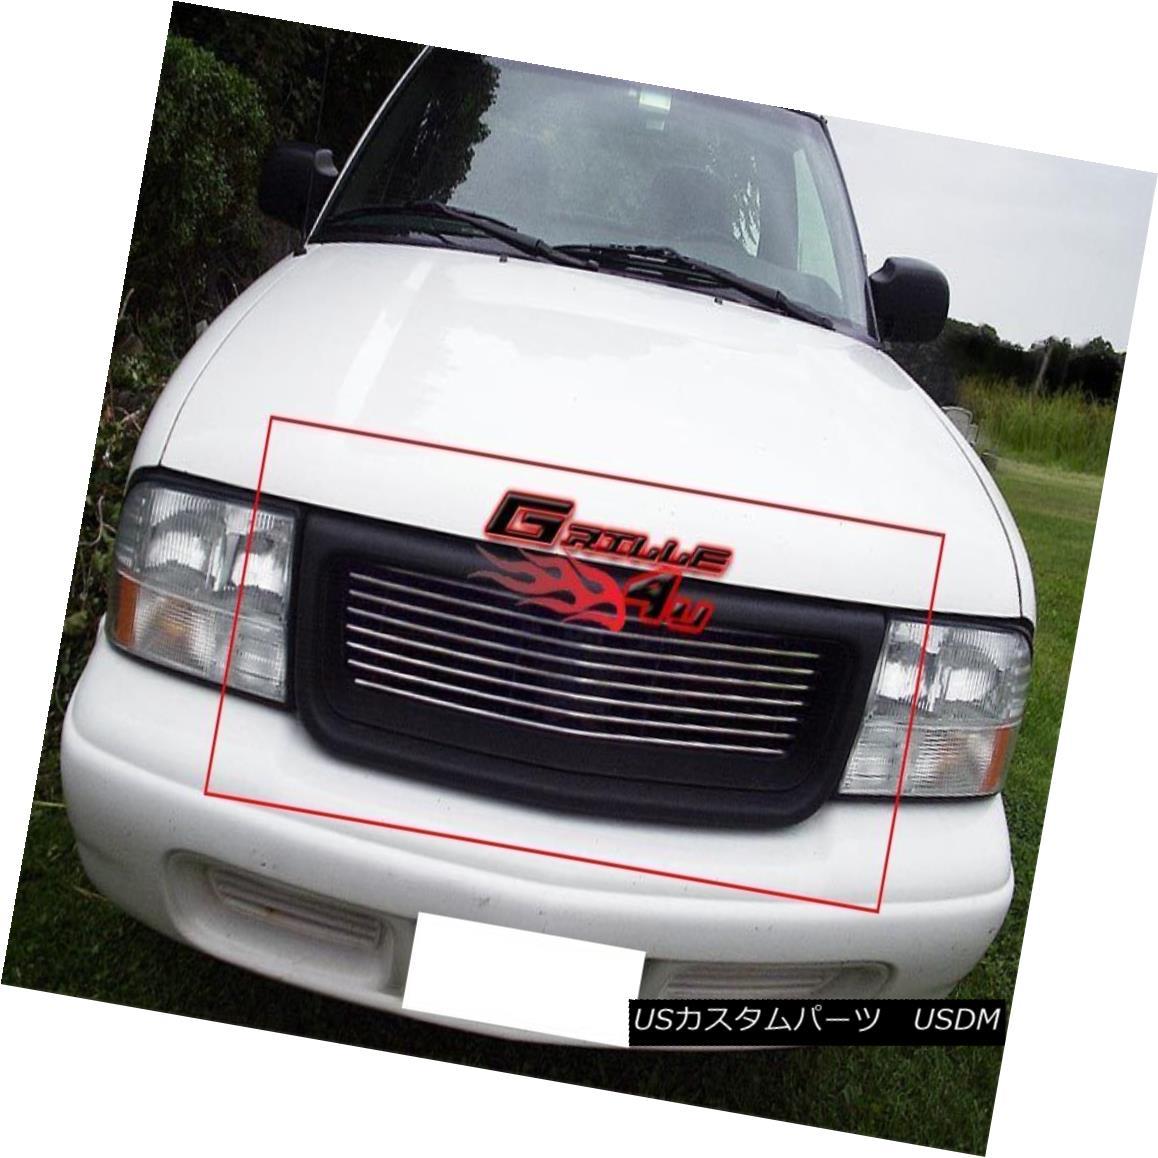 グリル Fits 98-03 GMC S-15 Pickup/Jimmy/Sonoma Main Upper Billet Grille Insert フィット98?03 GMC S-15ピックアップ/ジミー/スウェーデン製メインアッパービレットグリルインサート
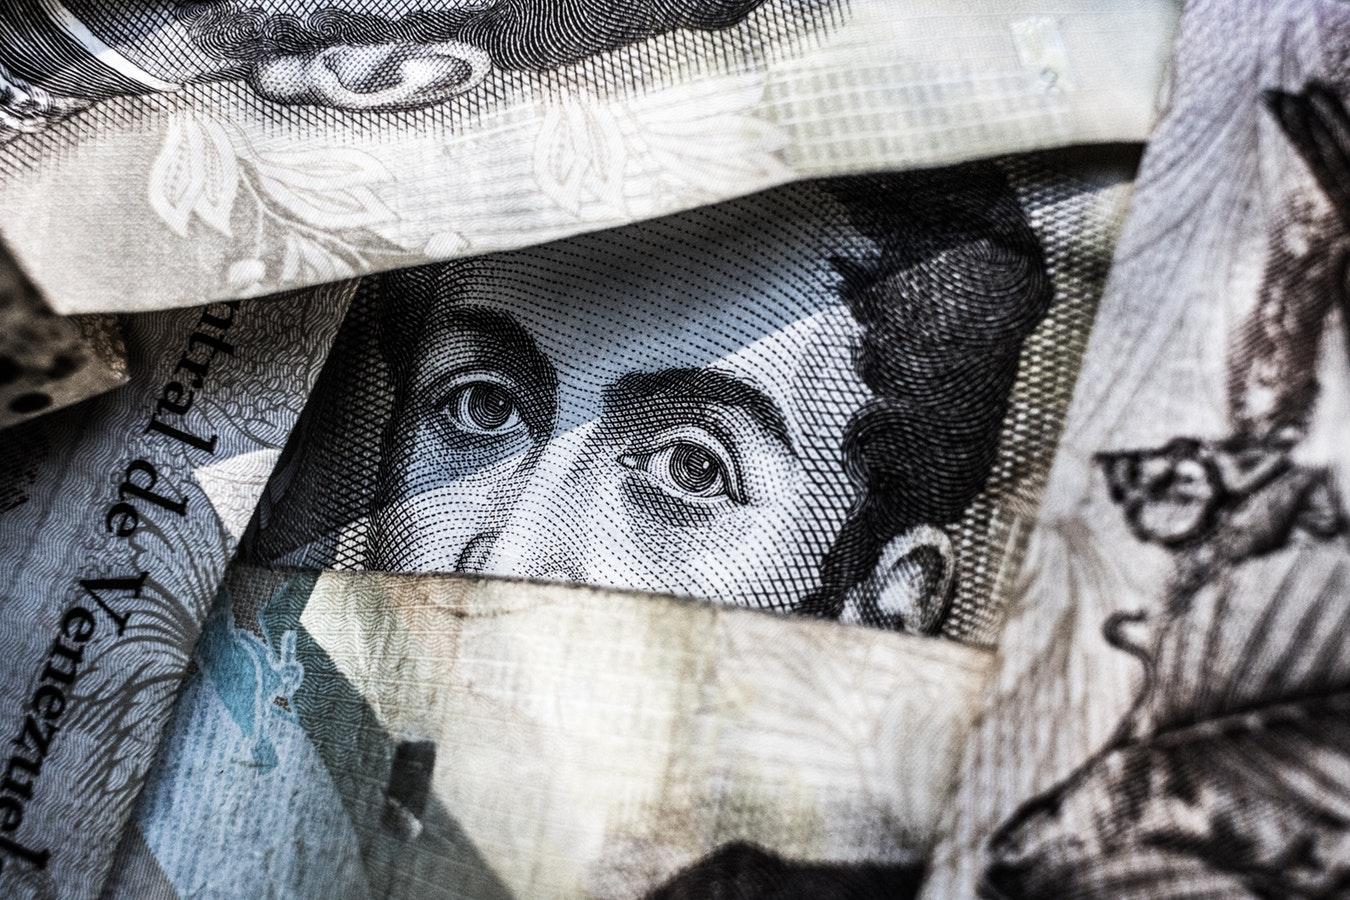 comment gérer ses transferts d'argent depuis l'étranger
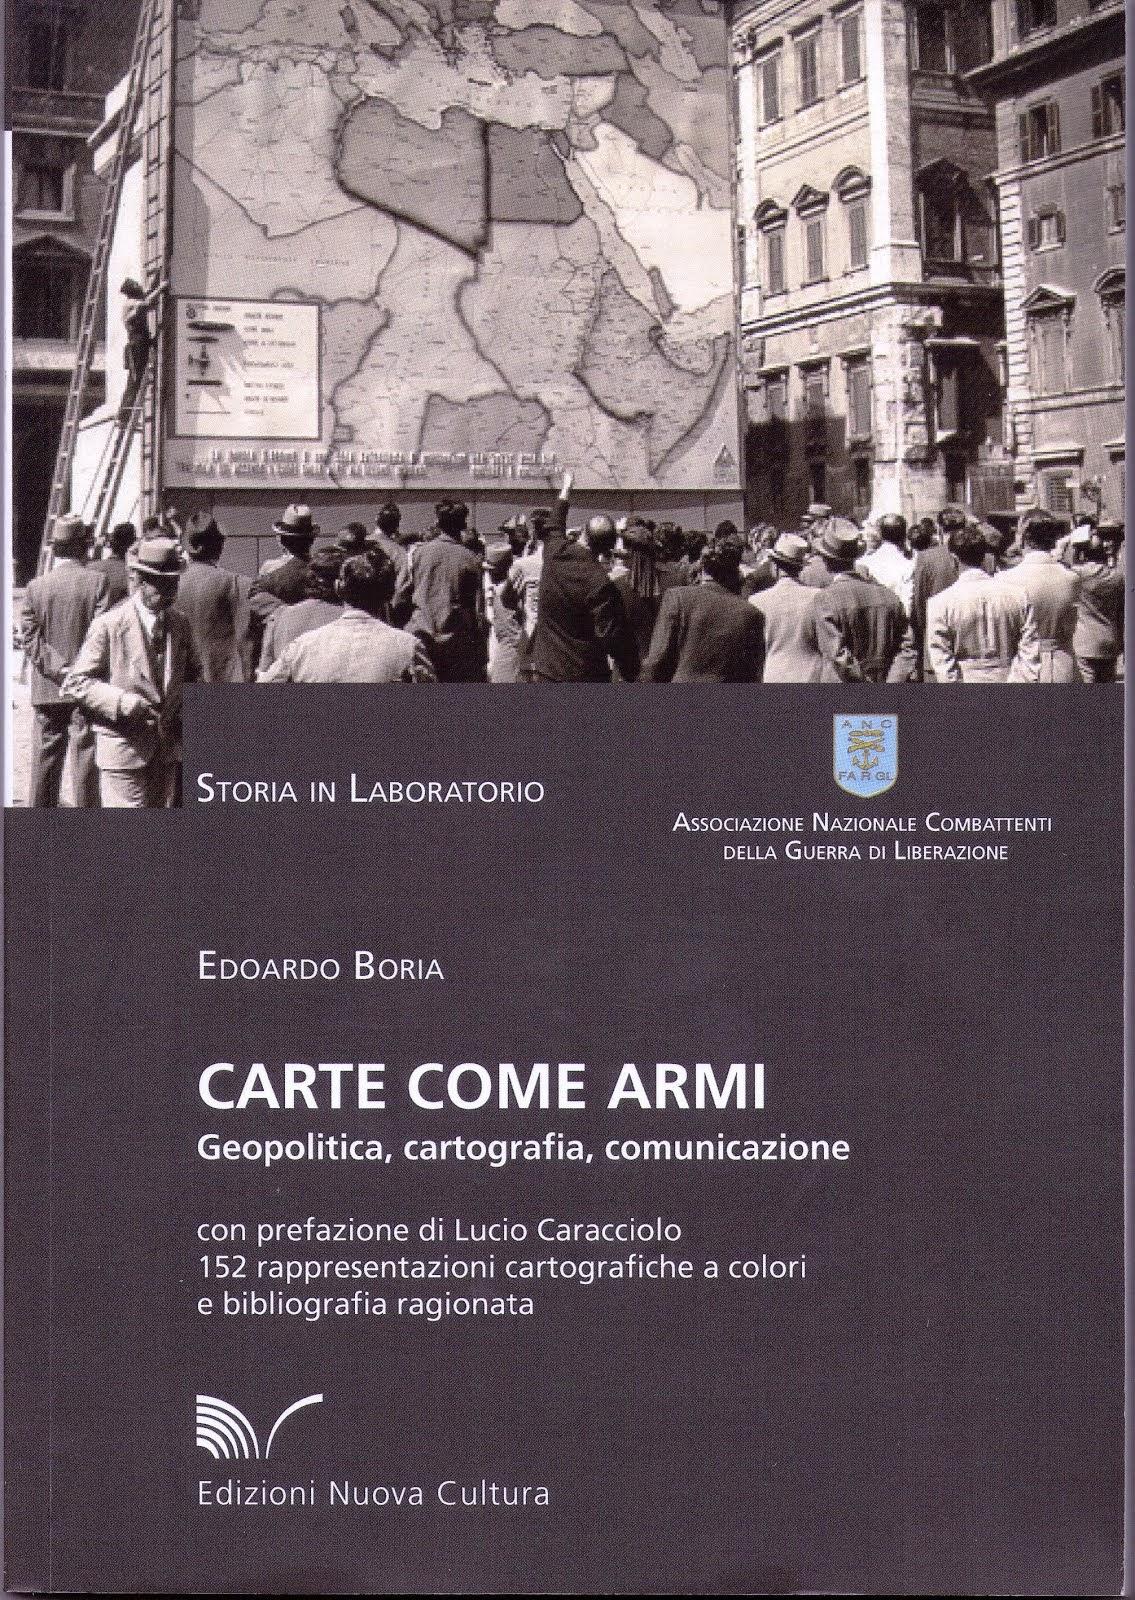 Carte come armi. geopolitica.cartografia.comunicazione
==========
Aim of the exercise |
All of the lines above should be copied exactly, apart from the pictures.

Answer box |
 グリル Fits 98-03 GMC S-15 Pickup/Jimmy/Sonoma Main Upper Billet Grille Insert フィット98?03 GMC S-15ピックアップ/ジミー/スウェーデン製メインアッパービレットグリルインサート
 comment gérer ses transferts d'argent depuis l'étranger
 Carte come armi. geopolitica.cartografia.comunicazione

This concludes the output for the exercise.